To say that the investigative acts of the 1/6 Committee are radical is a wild understatement. Along with serving subpoenas on four former Trump officials, they have also served subpoenas on eleven private citizens: people selected for interrogation precisely because they exercised their Constitutional right of free assembly by applying for and receiving a permit to hold a protest on January 6 opposing certification of the 2020 election.
When the Select 1/6 Committee recently boasted of these subpoenas in its press release, it made clear what methodology it used for selecting who it was targeting: “The committee used permit paperwork for the Jan. 6 rally to identify other individuals involved in organizing.” In other words, any citizen whose name appeared on permit applications to protest was targeted for that reason alone. The committee’s stated goal is “to collect information from them and their associated entities on the planning, organization, and funding of those events”: to haul citizens before Congress to interrogate them on their constitutionally protected right to assemble and protest and probe their political beliefs and associations:


List of 11 private citizens who received subpoenas from the 1/6 Congressional Committee for deposition testimony and records
Even worse are the so-called “preservation notices” which the committee secretly issued to dozens if not hundreds of telecoms, email and cell phone providers, and other social media platforms (including Twitter and Parler), ordering those companies to retain extremely invasive data regarding the communications and physical activities of more than 100 citizens, with the obvious intent to allow the committee to subpoena those documents. The communications and physical movement data sought by the committee begins in April, 2020 — nine months before the 1/6 riot. The committee refuses to make public the list of individuals it is targeting with these sweeping third-party subpoenas, but on the list are what CNN calls “many members of Congress,” along with dozens of private citizens involved in obtaining the permit to protest and then promoting and planning the gathering on social media.

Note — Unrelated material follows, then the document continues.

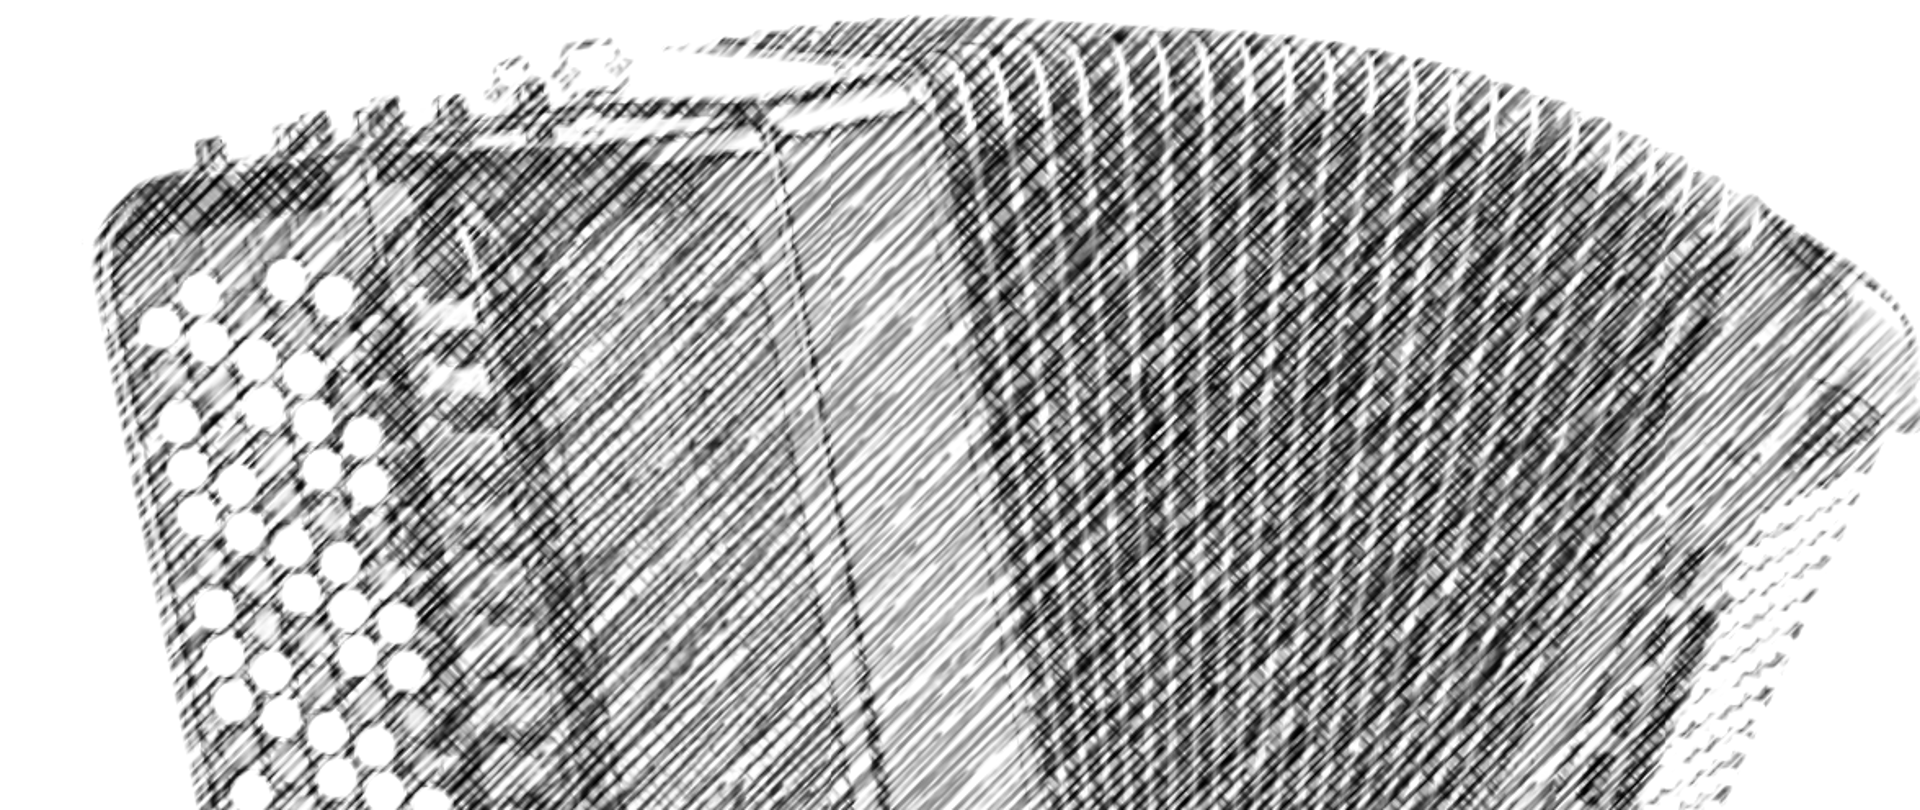 Grafika przedstawia akordeon guzikowy w kolorze szarym stylizowany na rysunek ołówkiem na białym tle

What makes these secret notices especially pernicious is that the committee requested that these companies not notify their customers that the committee has demanded the preservation of their data. The committee knows it lacks the power to impose a “gag order” on these companies to prevent them from notifying their users that they received the precursor to a subpoena: a power the FBI in conjunction with courts does have. So they are relying instead on “voluntary compliance” with the gag order request, accompanied by the thuggish threat that any companies refusing to voluntarily comply risk the public relations harm of appearing to be obstructing the committee’s investigation and, worse, protecting the 1/6 “insurrectionists.”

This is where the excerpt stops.